* What the exercise asks:
No picture belongs in the copy. Repeat each line below exactly.

* Information supplied:
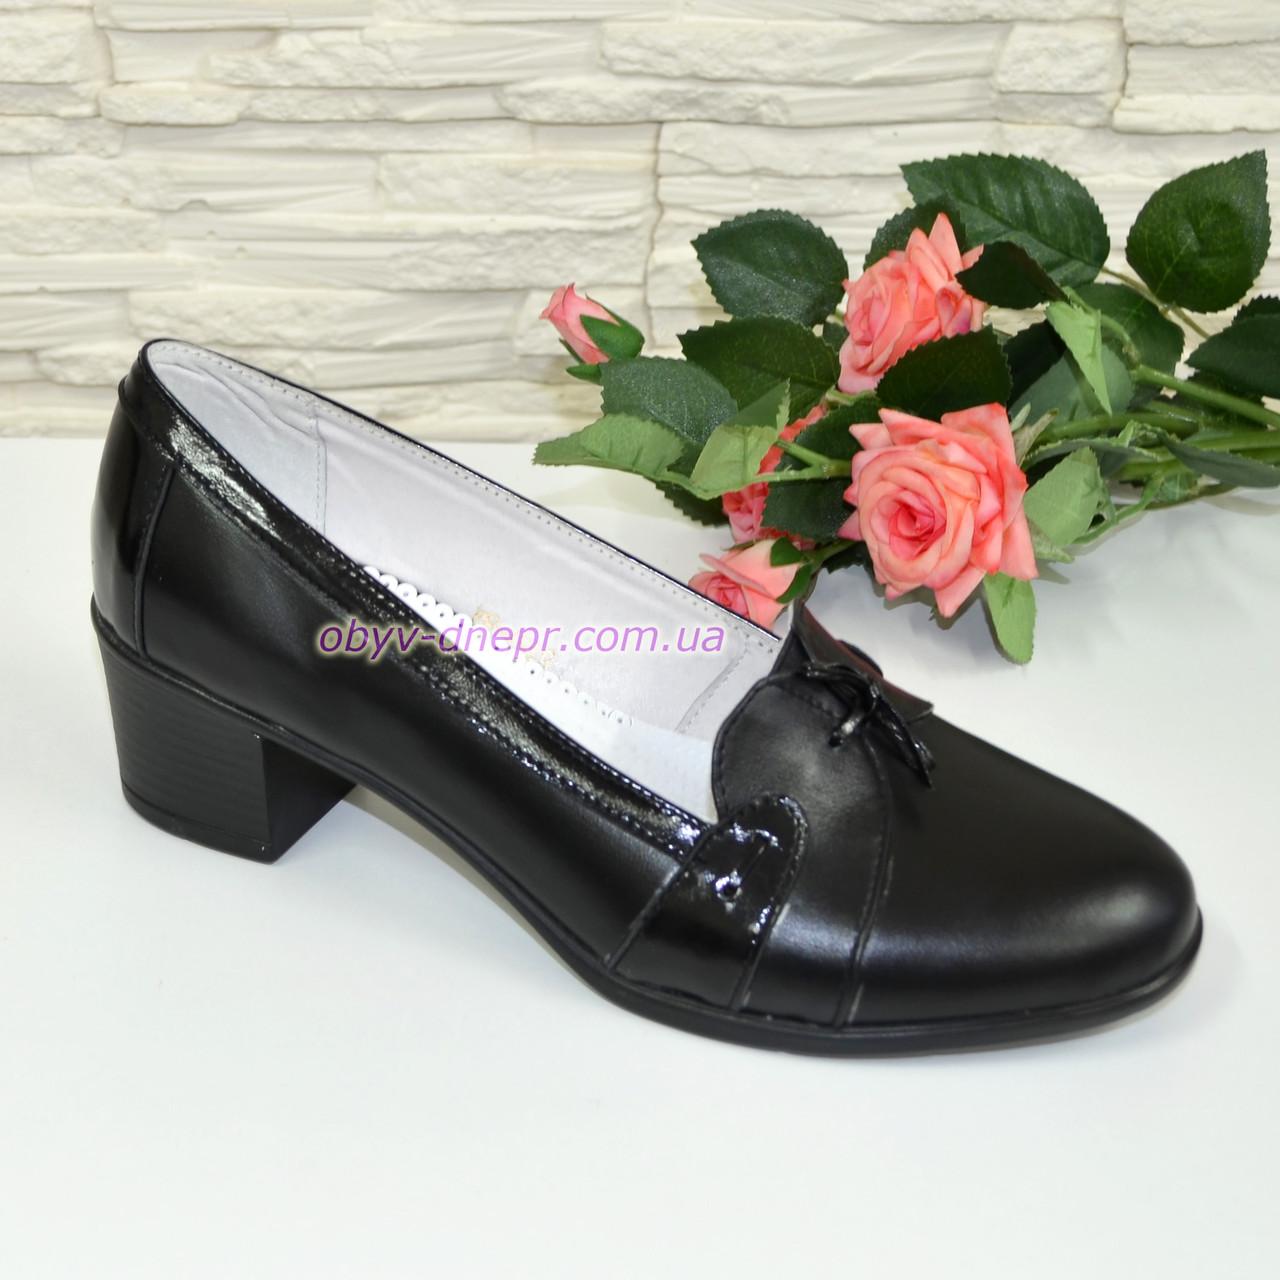 Женские туфли на устойчивом каблуке, натуральная кожа и лак.
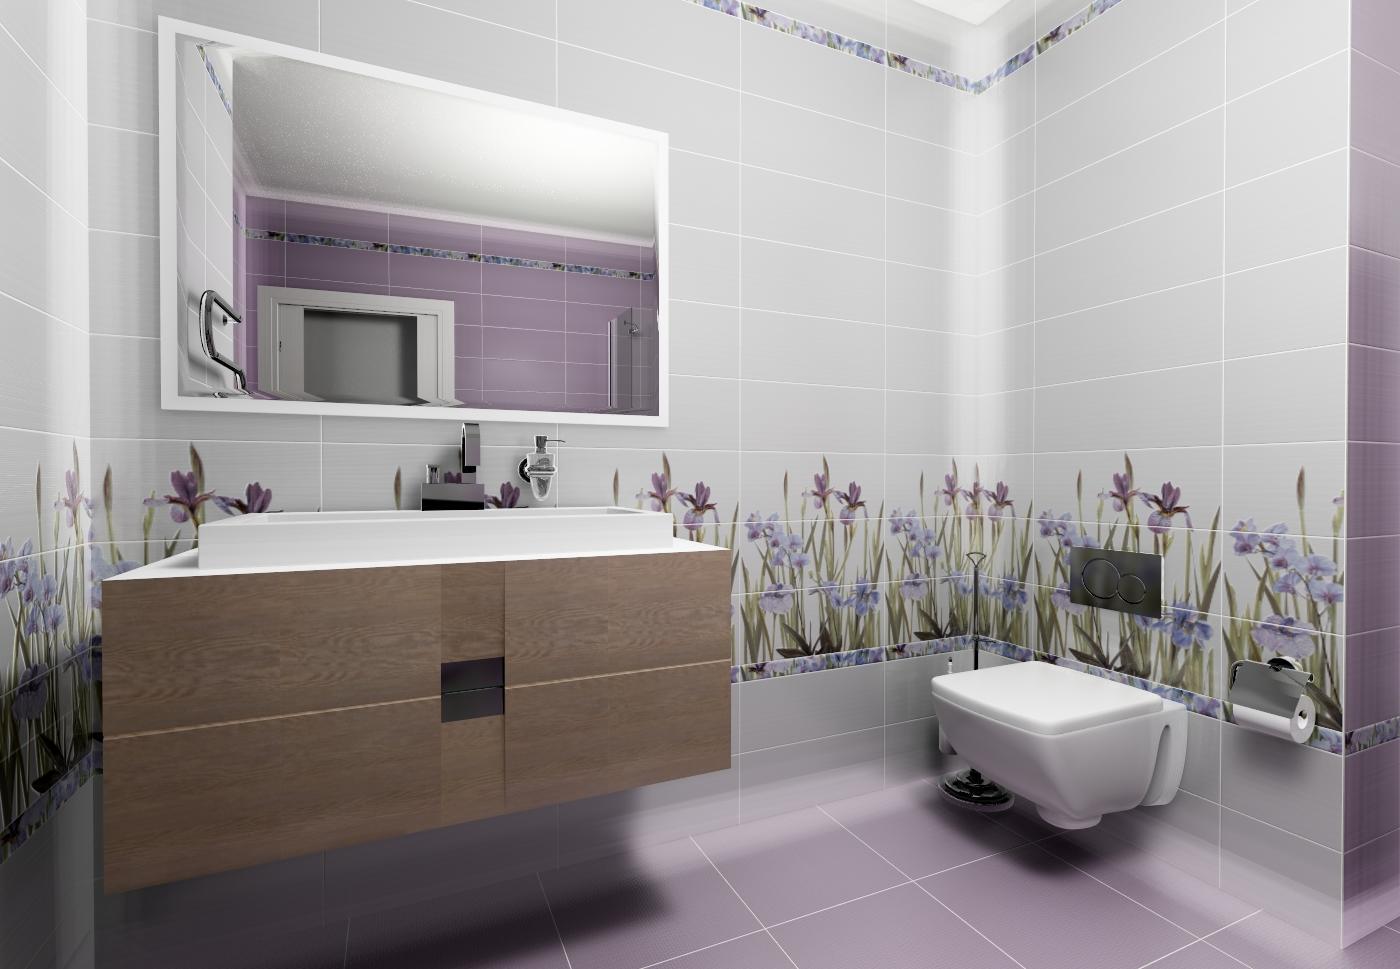 Яркие расцветки плитки в сочетании со светлыми тонами придадут ванной комнате ощущение большого пространства
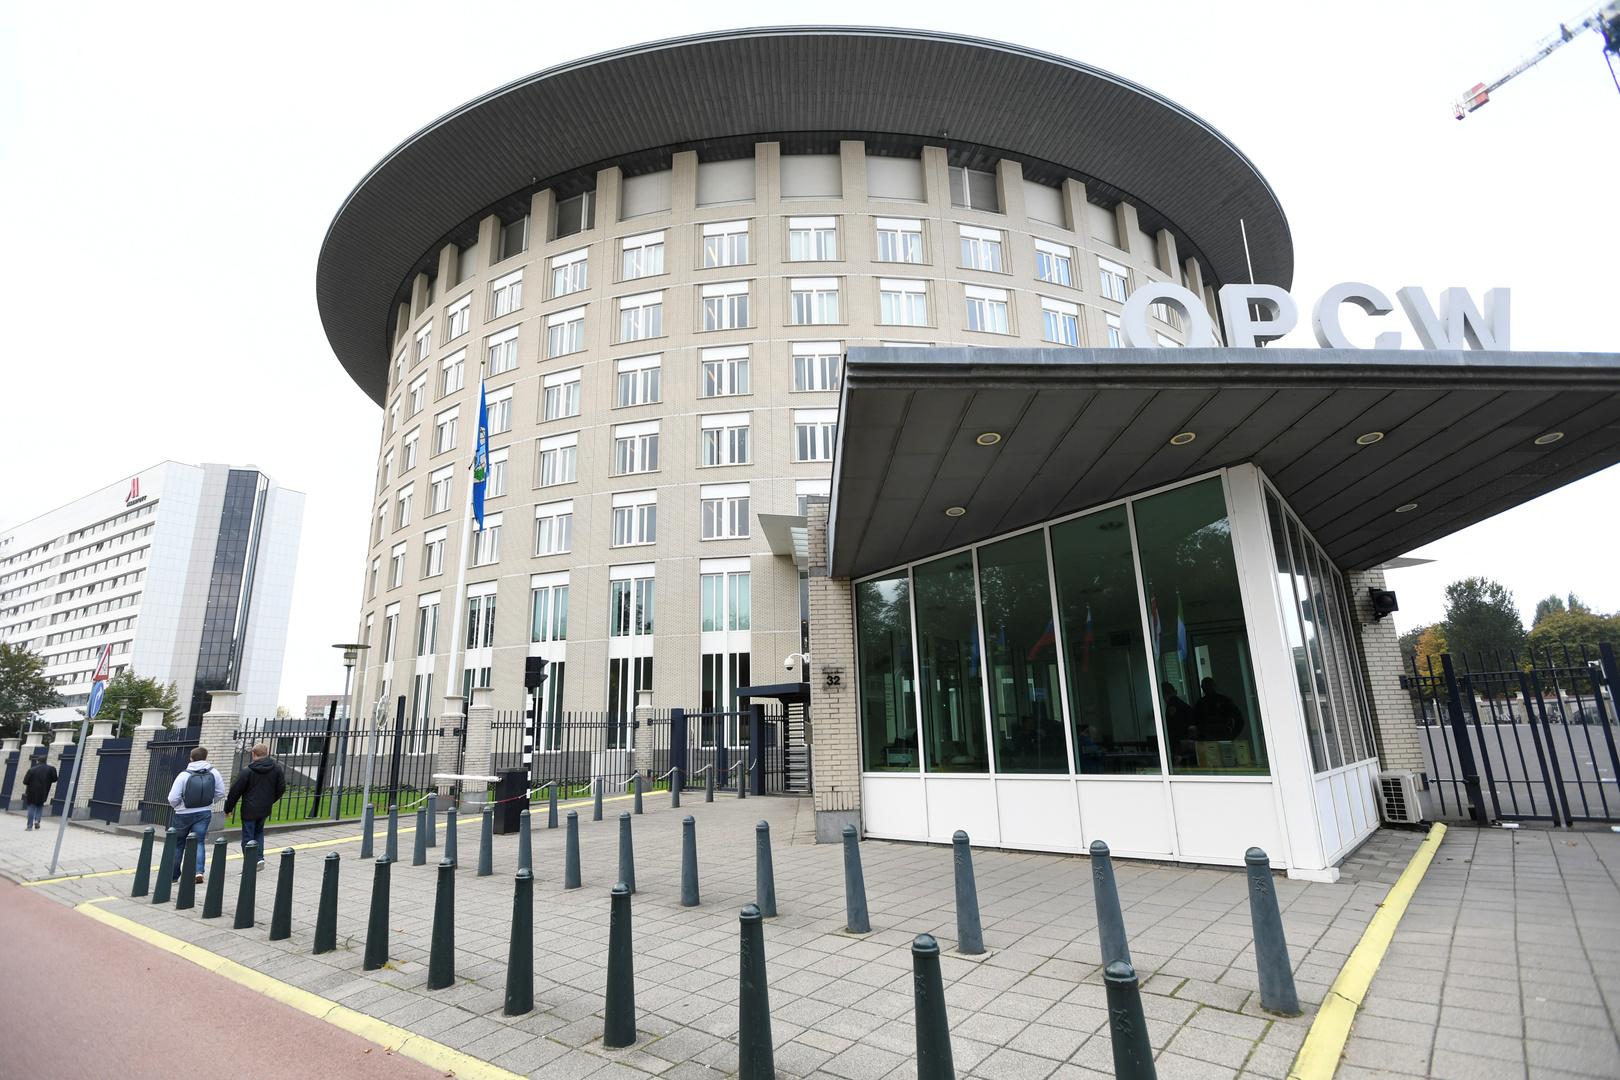 مبنى منظمة حظر الأسلحة الكيميائية في لاهاي

* Response for this exercise:
 Женские туфли на устойчивом каблуке, натуральная кожа и лак.
 Яркие расцветки плитки в сочетании со светлыми тонами придадут ванной комнате ощущение большого пространства
 مبنى منظمة حظر الأسلحة الكيميائية في لاهاي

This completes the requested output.